God was so gracious to me in that season of my life to always meet me this way whenever I would turn my heart toward him in this setting. Later I would come to realize that I can’t love God just for the experience of worship any more than I would want my husband to love me just for the feelings he got when we made love. Having a relationship with God means so much more than just trying to find the goosebumps. But for me, turning my heart toward God seemed to consistently bring the goosebumps, so it was difficult at
first to know that the experience and the relationship were different things.

There have been seasons when I couldn’t feel much of anything, and times when being in a relationship with God challenged me and felt more like a weight than the freedom that it truly is. But as with any relationship we care deeply about and want to last, I chose to continue trusting the beautiful God I encountered so powerfully, even when it felt like he was far away.

Most of the time, in these moments, it was me who was far away, even though God wanted to pull me close. But as with parents and children, sometimes the parent must let the child go for a time. How else will they learn to walk? How else will they learn to eat solid food if the parent does not let them hunger for more than milk? How else will they learn balance if the parent does not allow them to fall down? But this first intensely romantic season with God was important for me to be able to trust him. It taught me how to long for intimacy and what it feels like to desire God “like the deer pants for the stream of water,” as King David wrote about in Psalm 42:1. The harder seasons came later.

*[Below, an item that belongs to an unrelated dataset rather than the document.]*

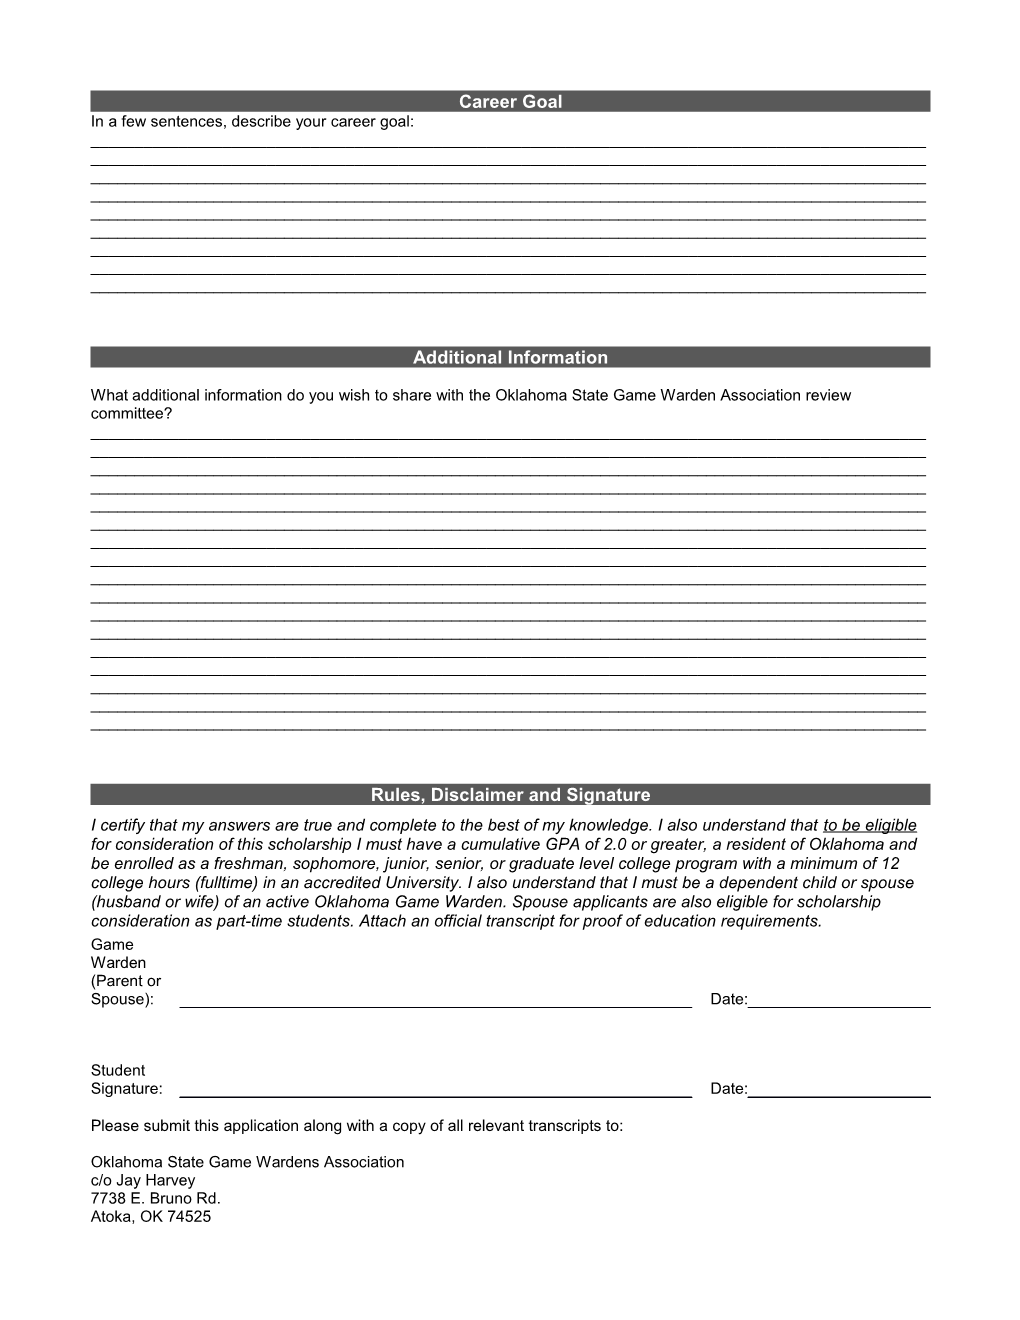 Game Warden Family College Scholarship Application

I also had to find a good balance between worshiping by myself and with other people within the church. I could lie on my face in my room and put on worship music and seek him alone. These times proved to be important for me and my spiritual growth. These times also carried revelation and their own kind of awesome encounters. But the times at church brought much-needed confirmation of what I experienced alone, as well as new gifts in other people that expressed who Christ is and what he was saying to me that I couldn

t hear on my own.

Christianity was built upon intimate community. Jesus lived with his twelve disciples. They traveled and ate together; they worshiped and discussed things together. Jesus seems to love bringing diverse groups of people together. The church body is the same way. The relational aspect of Christianity cannot be overlooked, and it really spoke to me, especially in the worship context.

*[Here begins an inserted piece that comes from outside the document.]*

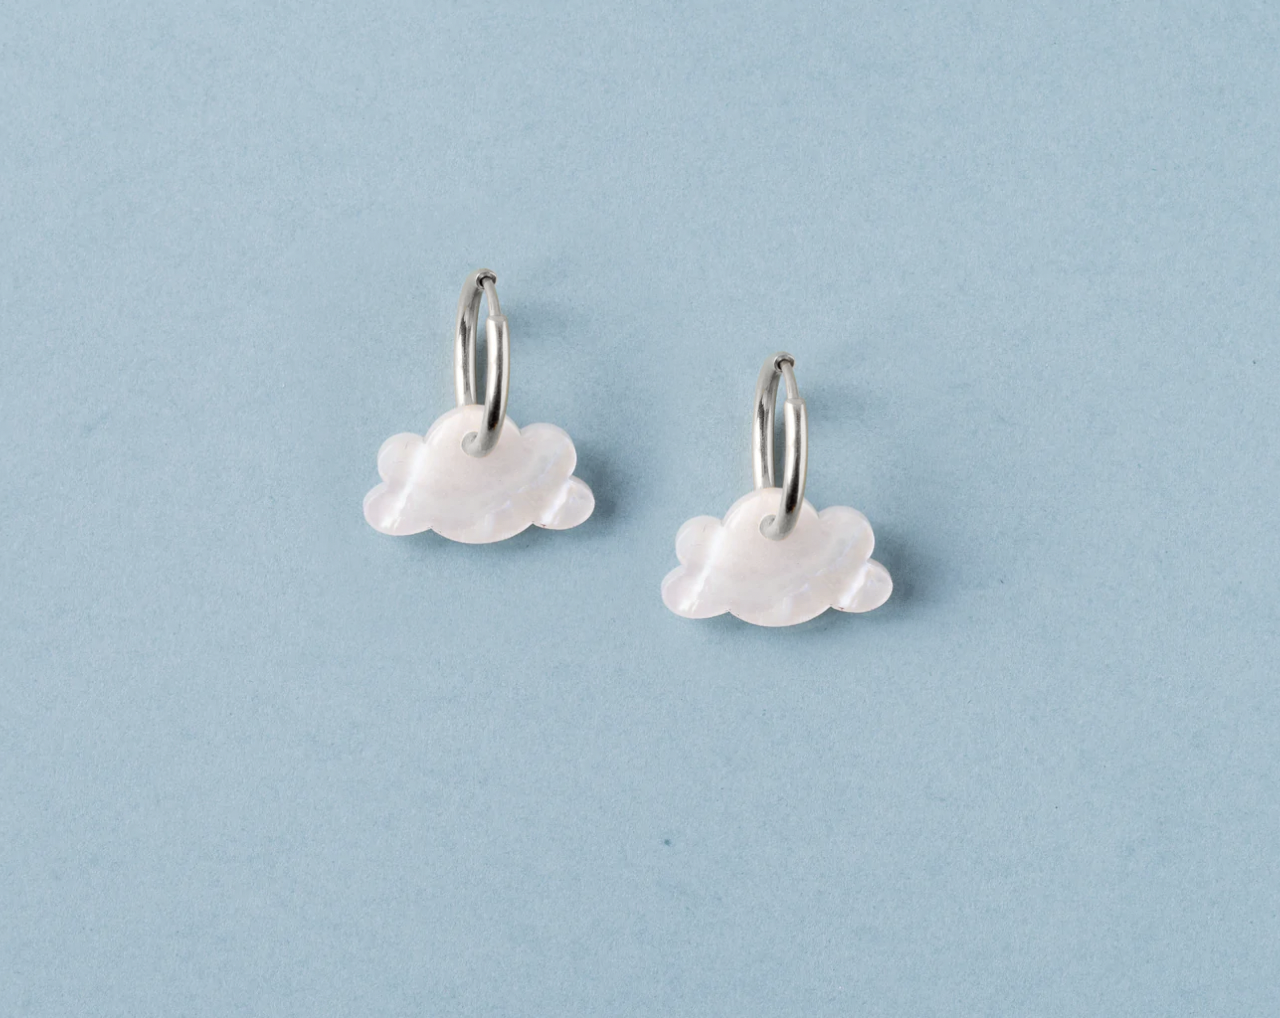 Pearly white cloud earrings with hoops

So, as much as I needed and loved to worship God on my own in my room, or on the beach, or on the roof during sunrise or sunset, I also needed and loved being in the midst of an assembly of people who were seeking God in united diversity. This is where the most challenge, encouragement, and confirmation in my walk with Christ have always come from.

There were so many things in my heart that were healed during times of worship in church. I laid out many dark lies in my heart before God’s light, so that he could shine on them and expose them for what they were: lies about my identity, my self-worth, my orphaned feelings. I laid so many anxieties to rest. It was here in these moments that I felt free to open my hands, in a sense. It was as if I no longer had to hang on to anything. I didn’t have to control or manipulate anything or anyone. I didn’t have to defend myself or be afraid of anything.

In these moments of worship, when I laid myself bare, my spirit was ministered to with an ever-increasing understanding of God. I realized how deep the comfort of knowing his sheer magnificence and enormity reached. He is bigger than all my problems. He is good even though so much in the world feels evil. He protects me with love and wisdom. He controls the planets and stars and set them all in order.

And yet he gives you and me the freedom to make bad choices, and even allows us to be affected by the bad choices of others. He can do this because no matter what, he keeps us safe. He works out something glorious even though the bad of it all seems so big and dark. But I have come to understand that the bad has nothing on my God.